Data extracts.
:::

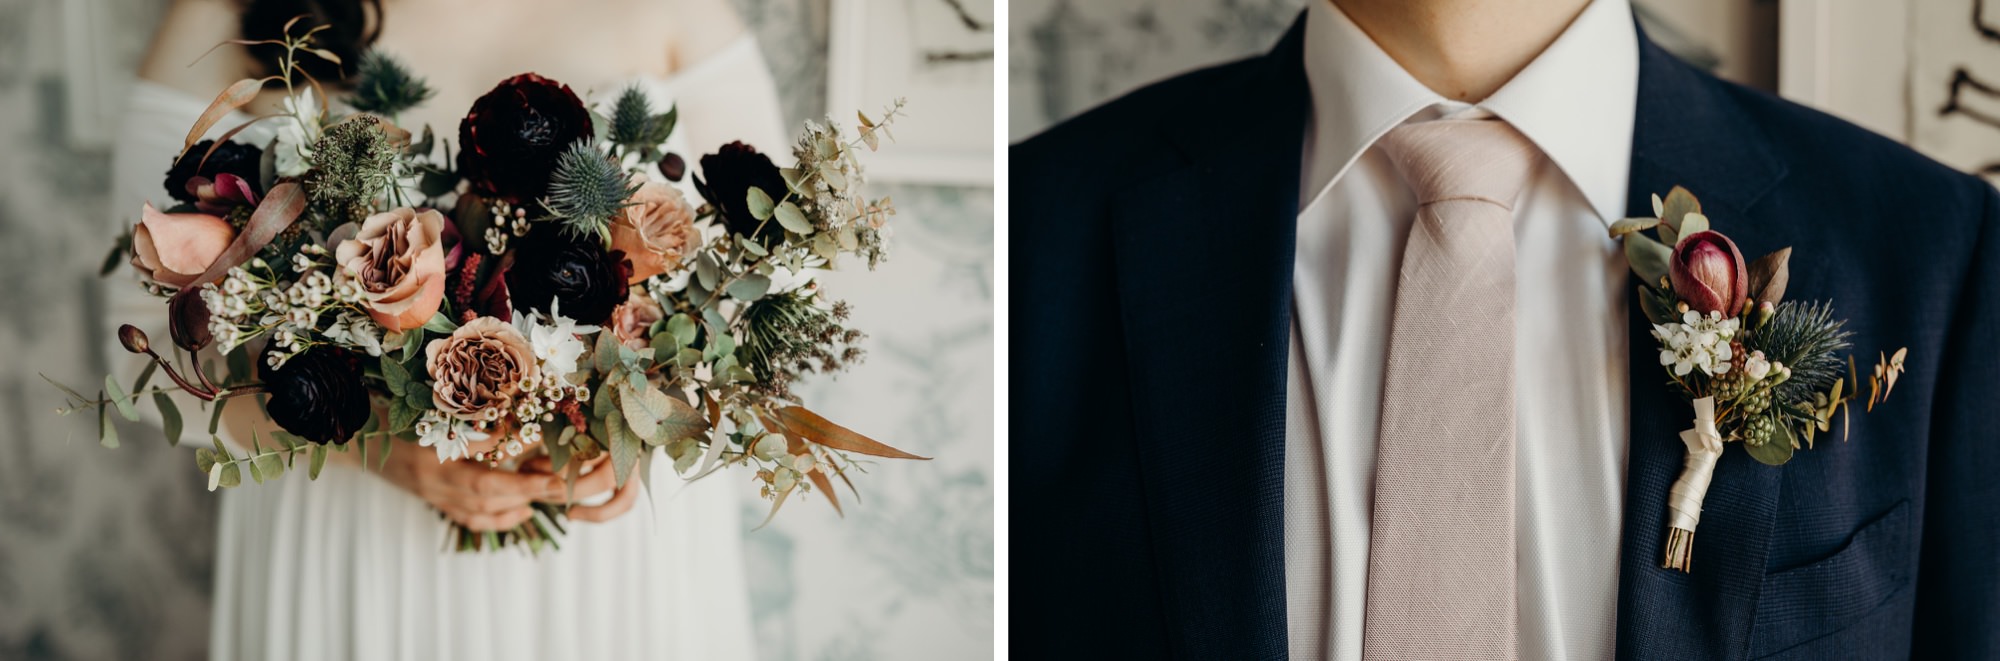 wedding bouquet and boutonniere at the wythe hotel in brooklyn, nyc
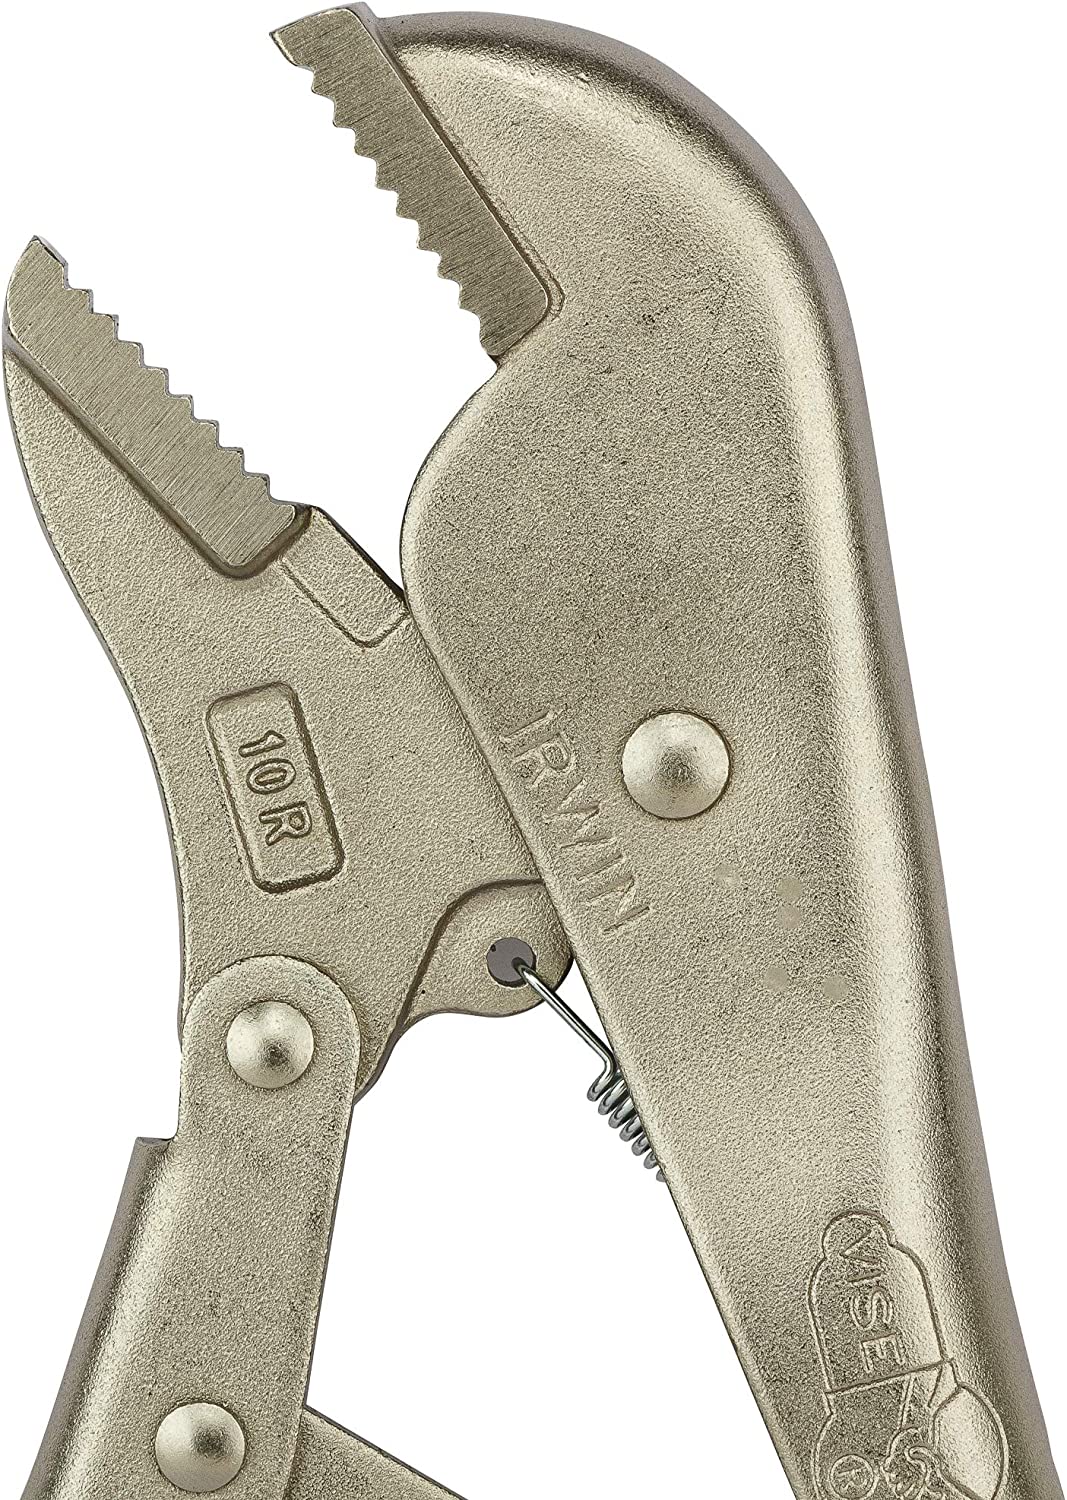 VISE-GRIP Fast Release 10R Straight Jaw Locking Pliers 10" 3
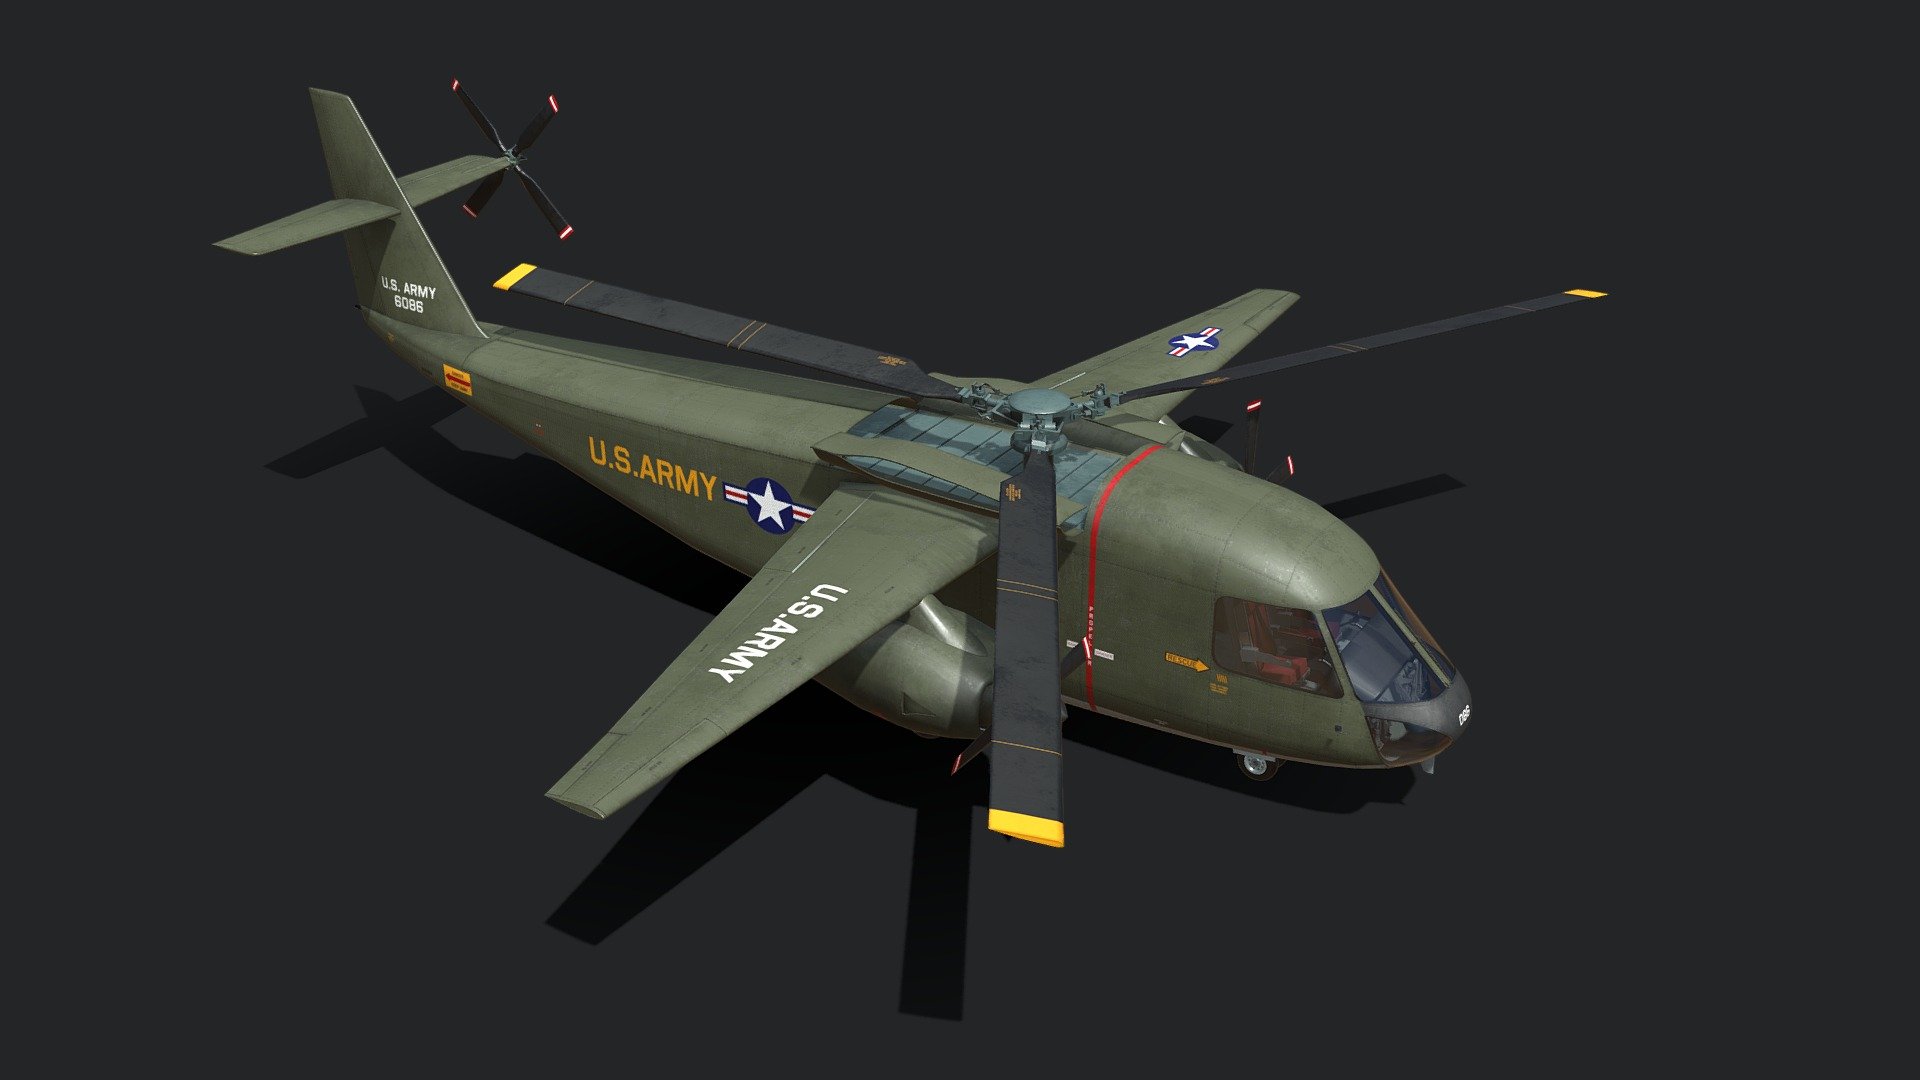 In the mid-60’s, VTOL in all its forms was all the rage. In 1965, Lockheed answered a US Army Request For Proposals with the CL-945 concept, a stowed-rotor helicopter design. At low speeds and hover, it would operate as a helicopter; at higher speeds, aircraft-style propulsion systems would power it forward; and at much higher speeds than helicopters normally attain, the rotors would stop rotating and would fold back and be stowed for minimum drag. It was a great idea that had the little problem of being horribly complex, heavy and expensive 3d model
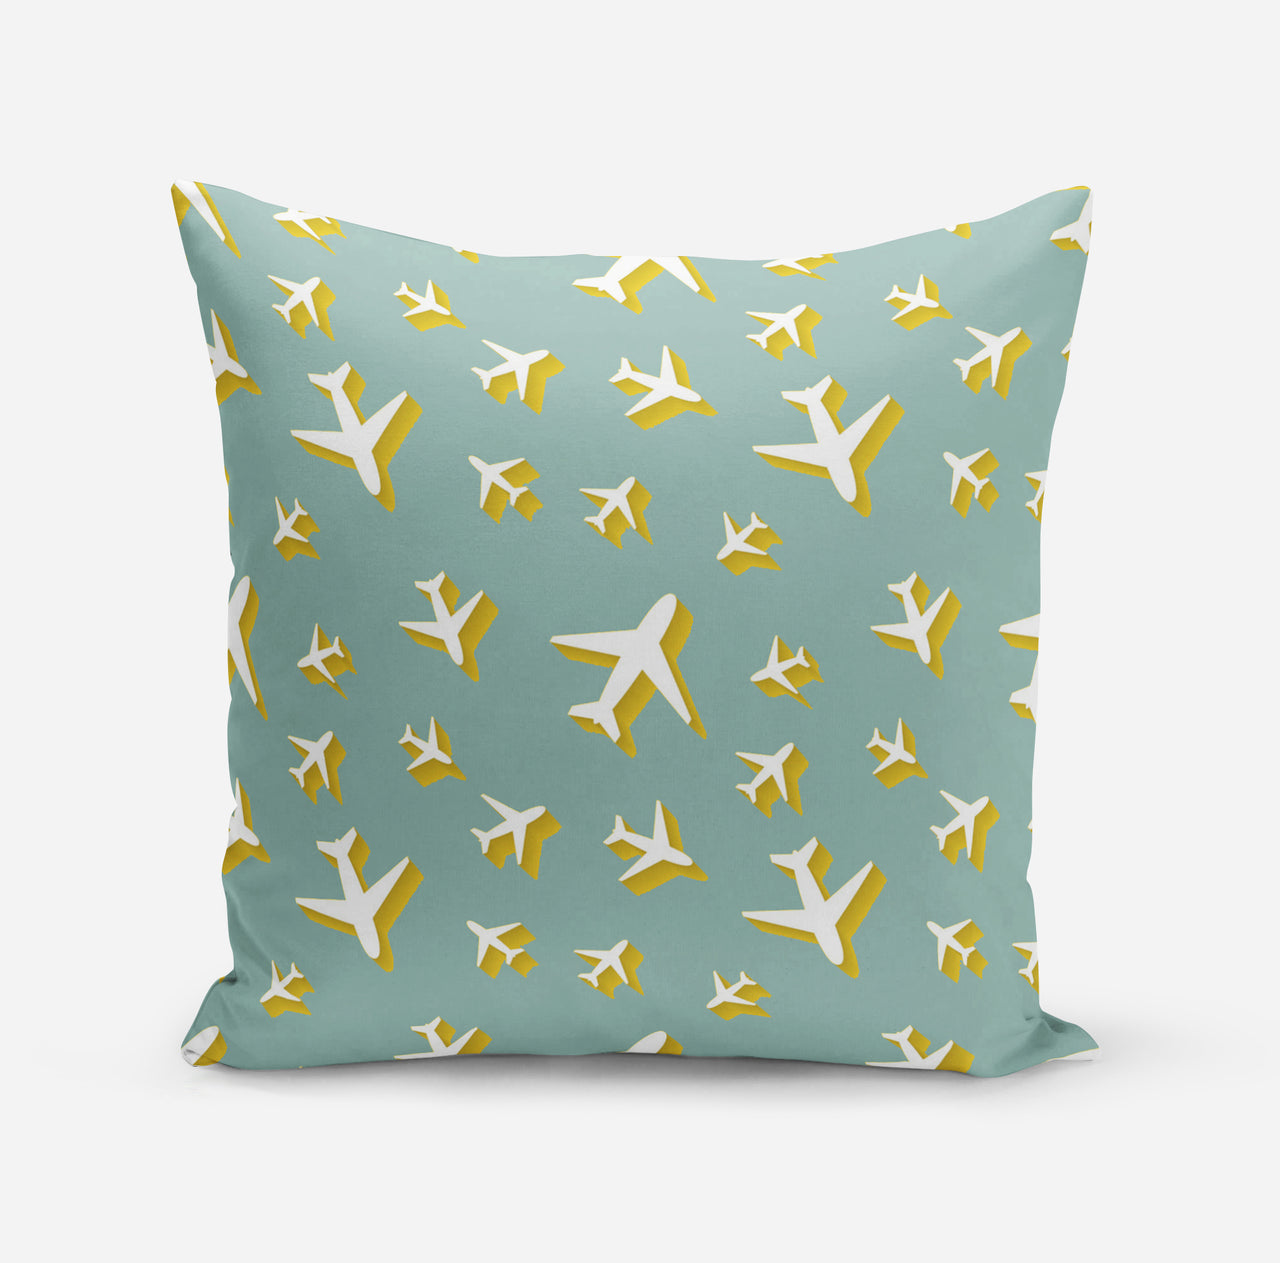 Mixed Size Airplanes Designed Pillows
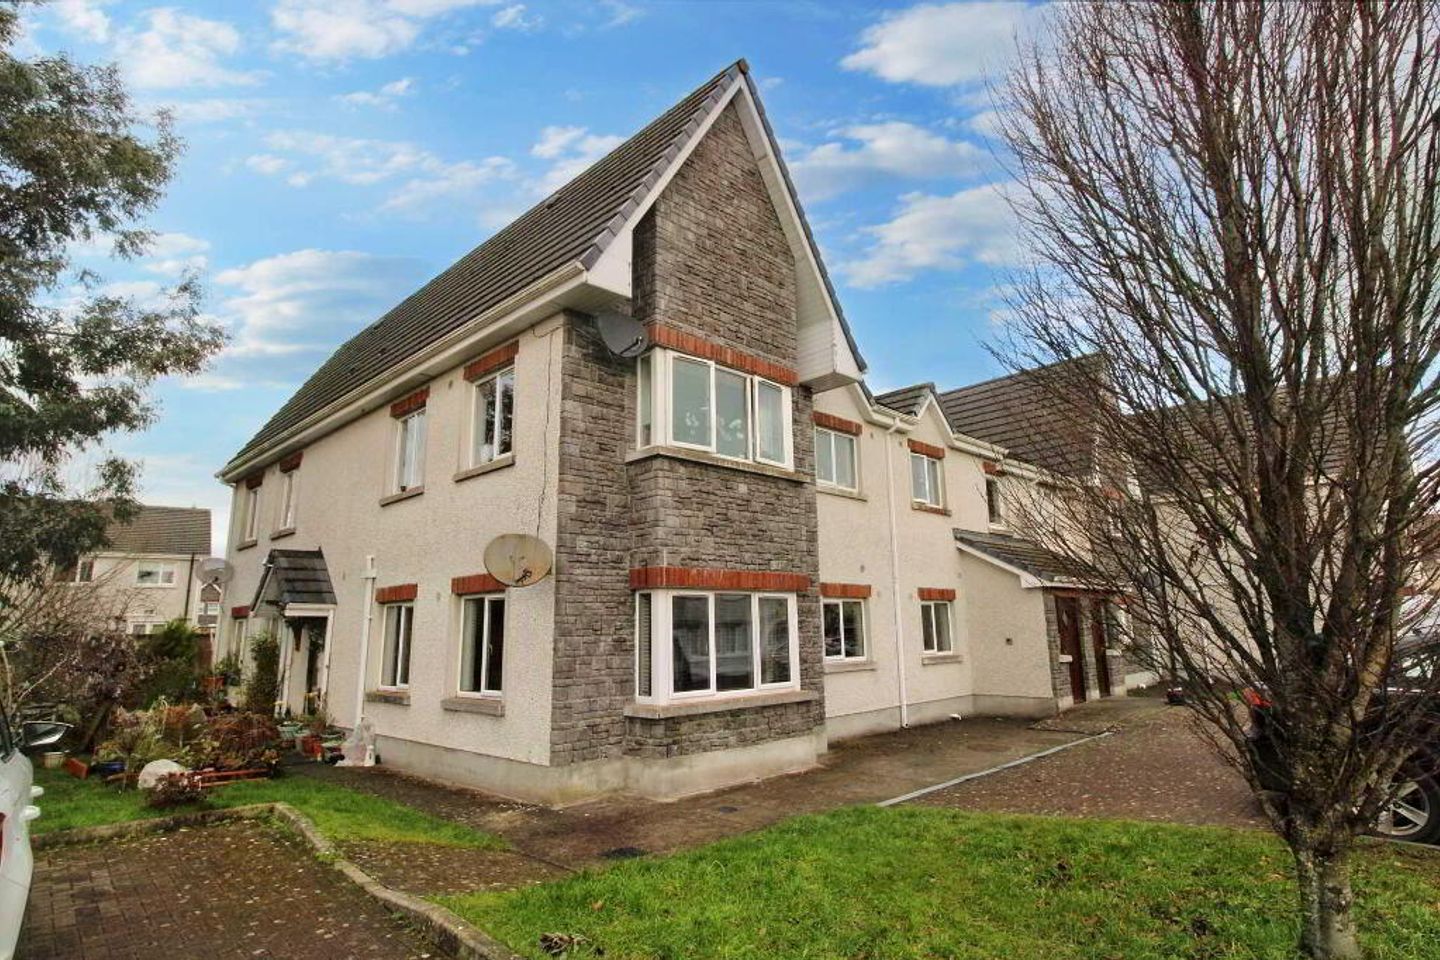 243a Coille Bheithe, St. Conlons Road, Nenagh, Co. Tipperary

:::

Work required. Apart from the images, retype the full material exactly as written.

Task response.
 wedding bouquet and boutonniere at the wythe hotel in brooklyn, nyc
 VISE-GRIP Fast Release 10R Straight Jaw Locking Pliers 10" 3
 In the mid-60’s, VTOL in all its forms was all the rage. In 1965, Lockheed answered a US Army Request For Proposals with the CL-945 concept, a stowed-rotor helicopter design. At low speeds and hover, it would operate as a helicopter; at higher speeds, aircraft-style propulsion systems would power it forward; and at much higher speeds than helicopters normally attain, the rotors would stop rotating and would fold back and be stowed for minimum drag. It was a great idea that had the little problem of being horribly complex, heavy and expensive 3d model
 Mixed Size Airplanes Designed Pillows
 243a Coille Bheithe, St. Conlons Road, Nenagh, Co. Tipperary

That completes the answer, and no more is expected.